И уже на старости лет потянула она висячий балкон, чтобы спросить его какую-то мелочь, да позабыла, что хотела, да так он и остался недостроен. А сейчас в замке и на острове жили старушки в белых платочках. Они плакали, копали огород, удили рыбу. От острова до дерева на берегу была протянута тонкая проволока, и, перехватывая по ней сухими руками, две старухи плыли на лодке. Потом одна повернула, а другая выскочила на травку, подняла руку и с криком «Такси!» скрылась в глубь континента.
Свою избушку они нашли по бревну, которое светилось в темноте. Они вошли, и он зажег спичку. Появились два весла, стол, высокая деревянная тарелка. Спичка разгорелась и стала похожа на трехцветный французский флаг. Потом она погасла, и больше они спичек не зажигали.
О, как он жил раньше, думая, что вот рука — это рука, не замечая ее размытости, некоего хилого облачка вокруг нее и вокруг всего остального. И не чувствуя, что вот стол — это не совсем стол, и не только стол, а еще что-то, и как раз этим-то люди еще и живы.
Рано утром тихо постучали в дверь, и вошел маленький остроносый человек. Это был хозяин избушки.
— Скажите, — пробормотал он, — ежи к вам ночью не заходили?
— Заходили, — сказала она, — двое. Элегантные, в галстуках.

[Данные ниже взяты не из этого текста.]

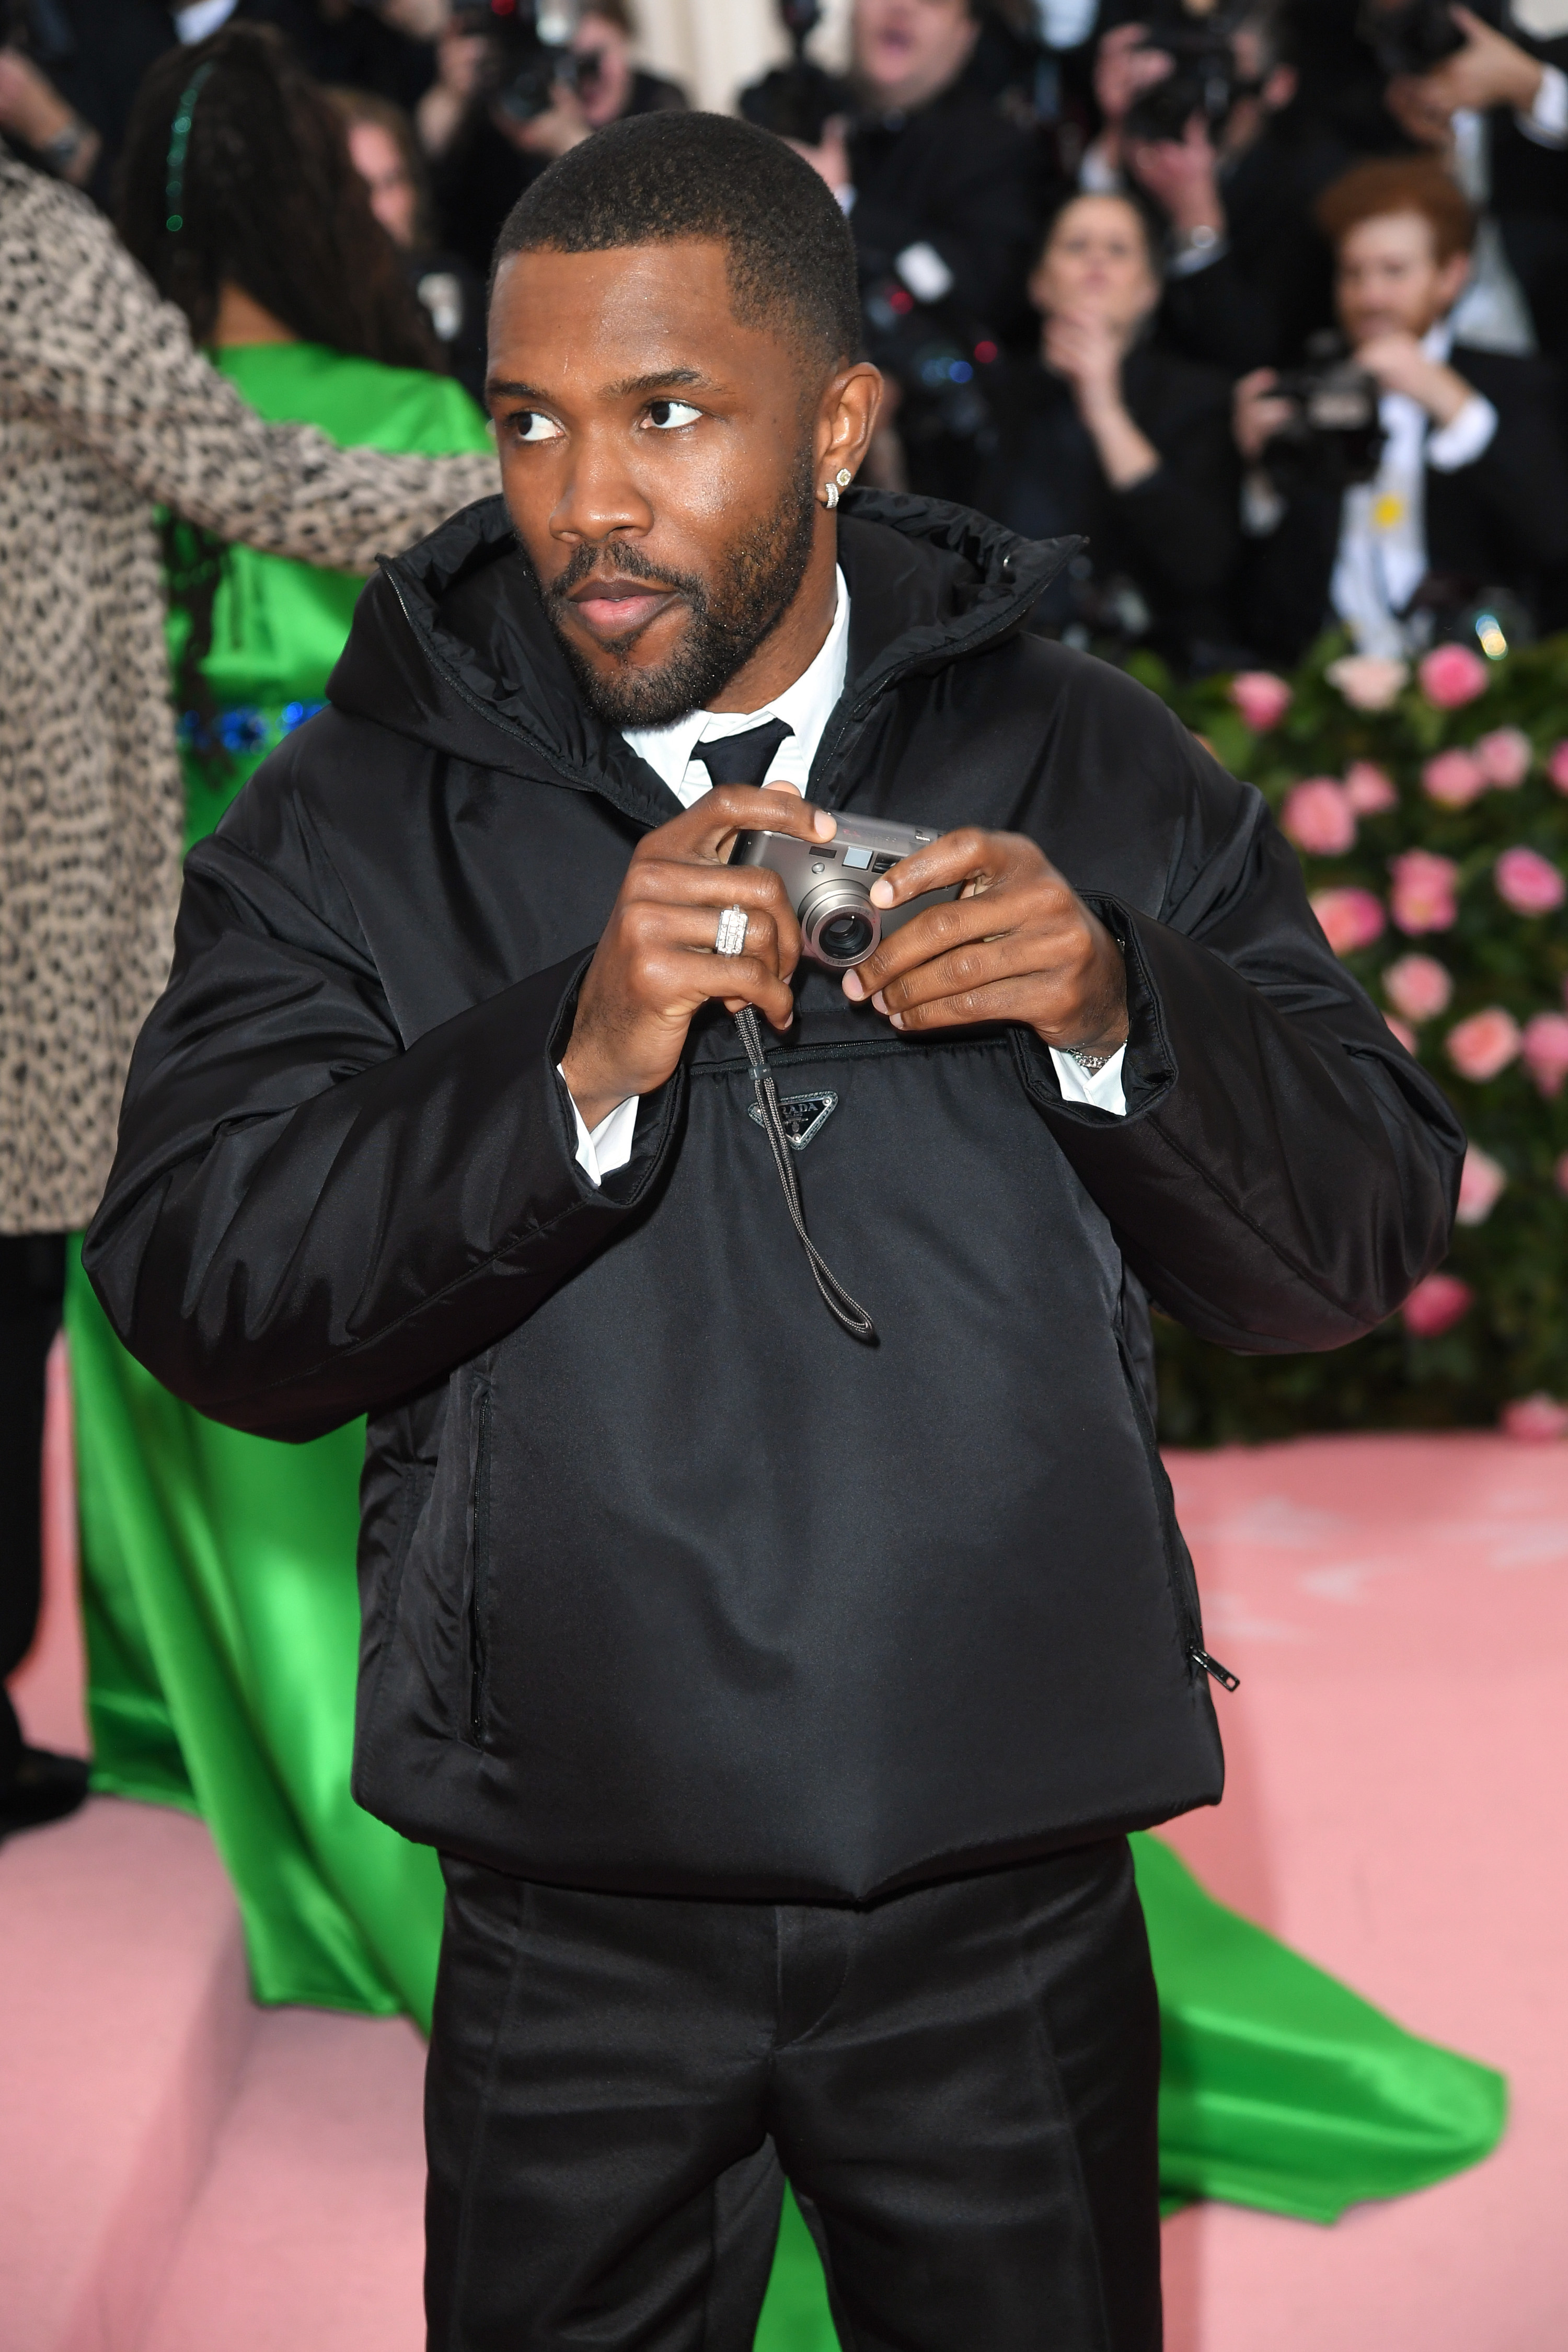 Frank Ocean on the Met Gala red carpet, wearing a black suit and Prada jacket and holding a film camera

— Ну ладно, — заторопился он, — я пойду.
И исчез. Они вышли на улицу, поздоровались со старушкой, сидевшей на завалинке, и стали умываться водой из бочки. И вдруг увидели, что по улице идет их синеглазый хозяин, в сапогах и с ружьем, и ведет на суровой нитке маленькую вертлявую собаку.
— О, — сказала старушка, — смотрите, топить повел.
Хозяин вздрогнул, и подбежал к старушке, и долго кричал.
Потом махнул рукой и пошел дальше, на ходу заряжая ружье.
Они оделись и пошли гулять. День был похож на вечер. Они зашли в магазин и купили пива, хлеба и пачку твердого печенья с тревожным названием «В дорогу». За магазином начинался лес. В лесу горели костры из листьев, и ног не было видно из-за дыма. Они шли молча, по колено в дыму.
— Скоро я уеду, — сказала она.
— Да, — сказал он, — но мы купим голубей. Будут прилетать голуби и приносить письма.
— Да, — согласилась она, — голуби будут приносить письма. Письма и бандероли.
Они зашли глубоко в лес, и костров уже больше не было. Листья то поднимались все сразу, то так же все сразу опускались.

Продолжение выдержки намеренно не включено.